In one embodiment, the computer program when executed by the processor further performs the steps of: according to the synthesis queue, the audio and video clips corresponding to the synthesis queue are clipped and synthesized, and the clipping clip obtaining comprises the following steps: and taking the first key frame in the audio and video segment as a starting point, and editing and synthesizing the audio and video segment according to the editing materials of the synthesis queue through an editing and synthesizing service thread to obtain an editing segment.

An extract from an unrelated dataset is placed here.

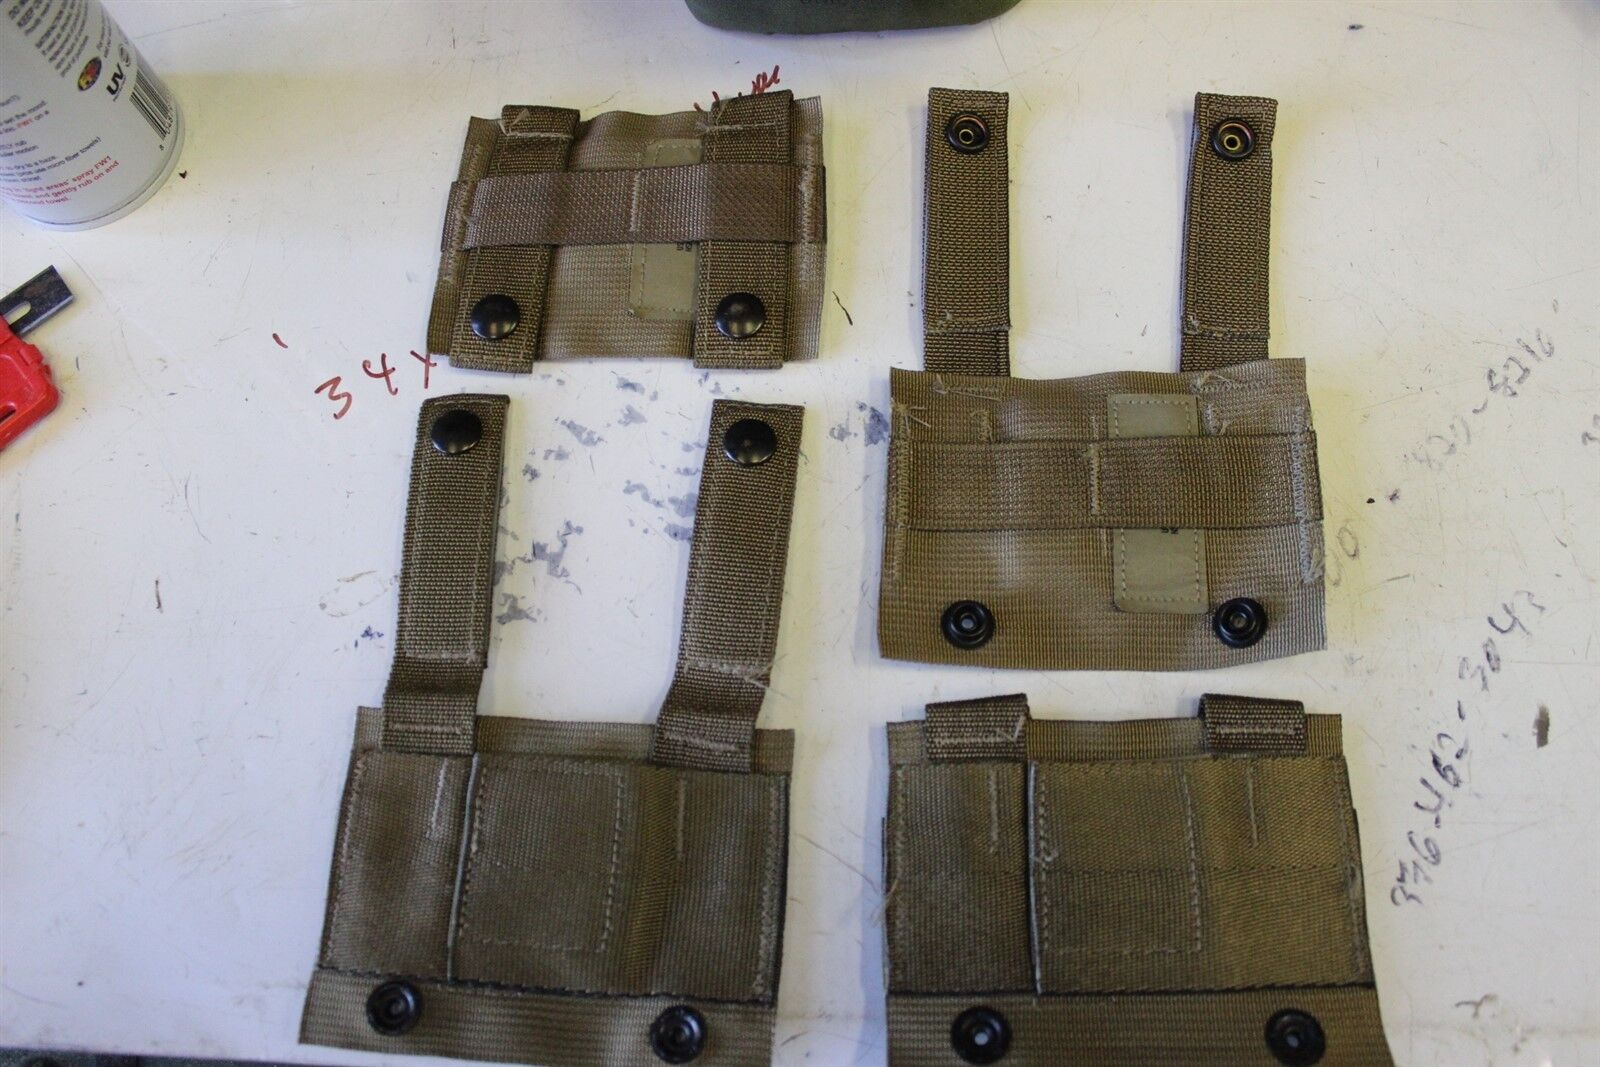 4 COYOTE BROWN ALICE CLIP TO MOLLE II ADAPTERS $11.89 Cost NOW $3.99 & SHIPPING

In one embodiment, a computer program product is provided, comprising a computer program which, when executed by a processor, performs the steps of:

acquiring a real-time video stream;

transmitting the real-time video stream to a cloud server;

receiving a real-time video stream transmitted by a terminal;

coding the real-time video stream to obtain and push audio and video data;

It should be noted that video data (including but not limited to data for editing, stored data, presented data, and the like) referred to in the present application is data authorized by a user or sufficiently authorized by each party.

It will be understood by those skilled in the art that all or part of the processes of the methods of the embodiments described above can be implemented by hardware instructions of a computer program, which can be stored in a non-volatile computer-readable storage medium, and when executed, can include the processes of the embodiments of the methods described above. Any reference to memory, database, or other medium used in the embodiments provided herein may include at least one of non-volatile and volatile memory. The nonvolatile Memory may include Read-Only Memory (ROM), magnetic tape, floppy disk, flash Memory, optical Memory, high-density embedded nonvolatile Memory, resistive Random Access Memory (ReRAM), Magnetic Random Access Memory (MRAM), Ferroelectric Random Access Memory (FRAM), Phase Change Memory (PCM), graphene Memory, and the like. Volatile Memory can include Random Access Memory (RAM), external cache Memory, and the like. By way of illustration and not limitation, RAM can take many forms, such as Static Random Access Memory (SRAM) or Dynamic Random Access Memory (DRAM), among others. The databases referred to in various embodiments provided herein may include at least one of relational and non-relational databases. The non-relational database may include, but is not limited to, a block chain based distributed database, and the like. The processors referred to in the embodiments provided herein may be general purpose processors, central processing units, graphics processors, digital signal processors, programmable logic devices, quantum computing based data processing logic devices, etc., without limitation.

The technical features of the above embodiments can be arbitrarily combined, and for the sake of brevity, all possible combinations of the technical features in the above embodiments are not described, but should be considered as the scope of the present specification as long as there is no contradiction between the combinations of the technical features.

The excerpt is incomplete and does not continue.